======== AVAILABLE RECORDS

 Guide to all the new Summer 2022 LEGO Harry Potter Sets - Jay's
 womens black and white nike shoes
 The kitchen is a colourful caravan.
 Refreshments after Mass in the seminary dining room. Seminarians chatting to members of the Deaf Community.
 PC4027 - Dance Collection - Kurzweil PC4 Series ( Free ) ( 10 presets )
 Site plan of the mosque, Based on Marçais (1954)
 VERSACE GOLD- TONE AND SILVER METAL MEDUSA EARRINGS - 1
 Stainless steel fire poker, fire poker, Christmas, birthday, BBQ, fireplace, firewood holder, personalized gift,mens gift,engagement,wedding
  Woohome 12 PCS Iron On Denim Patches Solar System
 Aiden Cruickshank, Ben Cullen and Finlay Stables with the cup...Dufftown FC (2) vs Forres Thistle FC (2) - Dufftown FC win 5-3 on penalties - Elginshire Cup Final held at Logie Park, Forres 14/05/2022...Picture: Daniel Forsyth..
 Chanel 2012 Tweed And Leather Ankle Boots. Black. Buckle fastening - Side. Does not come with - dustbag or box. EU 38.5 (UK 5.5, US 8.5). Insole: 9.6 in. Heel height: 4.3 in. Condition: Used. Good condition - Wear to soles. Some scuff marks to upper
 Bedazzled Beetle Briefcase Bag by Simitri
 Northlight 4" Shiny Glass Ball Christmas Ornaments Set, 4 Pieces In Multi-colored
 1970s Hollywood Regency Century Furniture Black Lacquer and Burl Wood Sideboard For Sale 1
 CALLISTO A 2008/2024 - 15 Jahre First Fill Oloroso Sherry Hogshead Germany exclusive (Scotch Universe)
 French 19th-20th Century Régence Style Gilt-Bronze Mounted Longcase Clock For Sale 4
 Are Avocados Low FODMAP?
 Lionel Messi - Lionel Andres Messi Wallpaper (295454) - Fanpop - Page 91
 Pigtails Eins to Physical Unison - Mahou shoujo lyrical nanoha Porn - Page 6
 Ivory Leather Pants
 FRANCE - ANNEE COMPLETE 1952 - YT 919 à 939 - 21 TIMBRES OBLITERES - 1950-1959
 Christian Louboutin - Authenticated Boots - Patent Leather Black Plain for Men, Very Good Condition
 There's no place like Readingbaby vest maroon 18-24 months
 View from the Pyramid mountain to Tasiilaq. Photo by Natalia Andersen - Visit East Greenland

================

### [WHAT TO PRODUCE]
Look for the string "Christmas" in the data above and return every line that has it.

### [RESPONSE AREA]
 Stainless steel fire poker, fire poker, Christmas, birthday, BBQ, fireplace, firewood holder, personalized gift,mens gift,engagement,wedding
 Northlight 4" Shiny Glass Ball Christmas Ornaments Set, 4 Pieces In Multi-colored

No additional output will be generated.